* [Exercise aim]: Beginning at whichever line contains "Suppromo Fluffy Tutu", reproduce each line of the records below word for word, ending with the last, and add nothing.

BEGIN Data shown

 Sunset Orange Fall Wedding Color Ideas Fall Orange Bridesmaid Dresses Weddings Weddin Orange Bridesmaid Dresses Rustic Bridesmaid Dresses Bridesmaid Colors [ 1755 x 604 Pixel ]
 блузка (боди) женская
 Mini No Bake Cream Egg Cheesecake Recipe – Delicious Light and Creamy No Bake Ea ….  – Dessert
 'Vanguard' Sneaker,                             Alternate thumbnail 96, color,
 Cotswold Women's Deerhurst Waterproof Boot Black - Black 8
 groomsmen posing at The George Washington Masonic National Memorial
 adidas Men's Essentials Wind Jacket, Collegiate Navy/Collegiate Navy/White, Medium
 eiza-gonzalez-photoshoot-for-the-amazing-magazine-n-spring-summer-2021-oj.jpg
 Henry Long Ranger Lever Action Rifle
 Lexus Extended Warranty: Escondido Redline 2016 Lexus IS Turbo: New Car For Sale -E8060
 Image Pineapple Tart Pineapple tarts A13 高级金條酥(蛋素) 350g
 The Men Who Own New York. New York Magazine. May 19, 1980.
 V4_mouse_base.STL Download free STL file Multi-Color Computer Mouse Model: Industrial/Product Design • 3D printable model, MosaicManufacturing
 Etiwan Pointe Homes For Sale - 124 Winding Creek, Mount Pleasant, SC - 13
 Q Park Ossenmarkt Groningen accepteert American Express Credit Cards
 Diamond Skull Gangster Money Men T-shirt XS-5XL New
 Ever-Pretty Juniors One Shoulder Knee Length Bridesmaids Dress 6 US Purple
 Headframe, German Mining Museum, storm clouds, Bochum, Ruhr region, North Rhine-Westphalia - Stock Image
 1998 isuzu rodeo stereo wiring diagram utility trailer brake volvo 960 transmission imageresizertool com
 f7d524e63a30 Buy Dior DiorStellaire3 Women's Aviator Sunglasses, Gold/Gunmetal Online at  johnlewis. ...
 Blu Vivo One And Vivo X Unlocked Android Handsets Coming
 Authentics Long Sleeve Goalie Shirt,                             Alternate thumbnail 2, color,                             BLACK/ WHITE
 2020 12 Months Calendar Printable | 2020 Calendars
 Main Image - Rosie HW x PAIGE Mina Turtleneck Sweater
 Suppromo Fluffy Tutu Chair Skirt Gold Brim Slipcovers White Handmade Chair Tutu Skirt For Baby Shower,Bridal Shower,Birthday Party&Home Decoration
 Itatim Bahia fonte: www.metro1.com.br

END Data shown

* [Exercise answer]:
 Suppromo Fluffy Tutu Chair Skirt Gold Brim Slipcovers White Handmade Chair Tutu Skirt For Baby Shower,Bridal Shower,Birthday Party&Home Decoration
 Itatim Bahia fonte: www.metro1.com.br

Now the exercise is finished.